We know start-ups need to grow fast. Most people would say that doubling every year (100%/year) is great growth. In my experience, 100%/year doesn't do it. In its first few years a great start-up needs a growth explosion that takes it to a significant scale, say $10 million of revenue. From that point, merely "exponential" growth (in the ballpark of 100%/year) gets you where you need to be: to $100 million in 3 or 4 more years.

Without a growth explosion, 100%/year takes too long to get to enough scale for a good exit. Say your business starts with $100,000 of year 1 revenue, as many do. Then if it grows 100%/year for 5 years, it has $3.2 million of revenue: very limited resources, probably burning a lot of cash, and not big enough to be interesting to acquirers.

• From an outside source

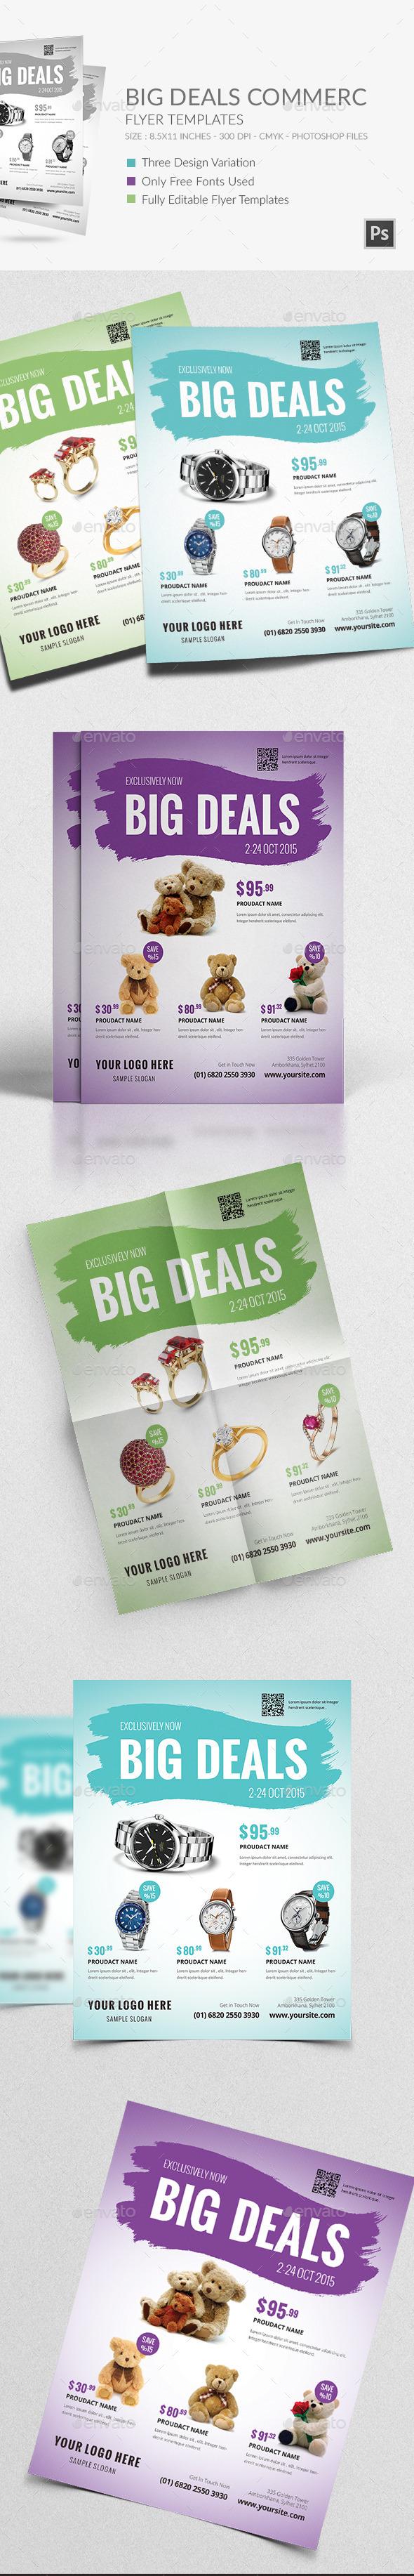 Big Deals Commerce Flyer Template - Commerce Flyers

You might think: "I’m doing well, with another 5 years of growth at 100%/year I will get to about $100 million". But at that point the business is ten years old. It has probably lost some of its uniqueness. The entrepreneurs and investors are getting tired. 100%/year is difficult to sustain for ten years. If growth slows to 50%/year in the second five years, revenue gets to $25 million. At that point, you probably have an exit opportunity, but the business is no home run.

How do you get a growth explosion in a business? I have seen these strategies work:

•  A big, early customer (or two) boosts the business to scale. This is hard to pull off and comes with risks, e.g., customer concentration. Teams are often able to navigate these problems, however, and enjoy the benefit of a much bigger base from which to grow.

•  The product goes viral. We all know examples, and they can be magic. They are rare, too, and hard to spot in advance: viral potential is asserted hundreds of times for each time it actually develops. Many savvy investors spend their time tracking candidates for viral growth and aim to jump in fast when the growth starts to manifest, as Sequoia did with WhatsApp.

•  The company finds a powerful channel partner who pulls through a lot of volume fast. This can work but it is risky: channel partners are hard to motivate and manage, they may demand exclusivity which cuts the value of the business, and they can be fickle, moving on to their next corporate priority in a couple of years.

•  The company builds the strength of its value proposition and brand rapidly, until it emerges as the leader, users flock to it, more resources let it build its value prop ever stronger, and then the game is over. This approach seems idealistic, however, it’s a good description of the early days of Google , which built a much better product and emerged from obscurity in a previously crowded field. The risk here is the long period of uncertainty: investors, employees, and early customers may lose faith before the growth explosion happens.

This problem has a counterpart in nature: the growth of our universe. The universe began at microscopic scale. Today it is enormous. How did it get so big? Cosmologists (people who study the development of the universe) believe there was a period of explosive growth, which they call the “inflationary period”, in the first micro-nano-nano-nano second* of the life of the universe. During this brief explosion the universe went from microscopic to a scale comparable to it's size today, about 100 billion light years in diameter. The picture above, from NASA, illustrates this.

Every great start-up needs an inflationary period; without it you are unlikely to have a winner. And every start-up CEO team needs a strategy to make that happen.

*More accurately, the first 1/10³² of a second.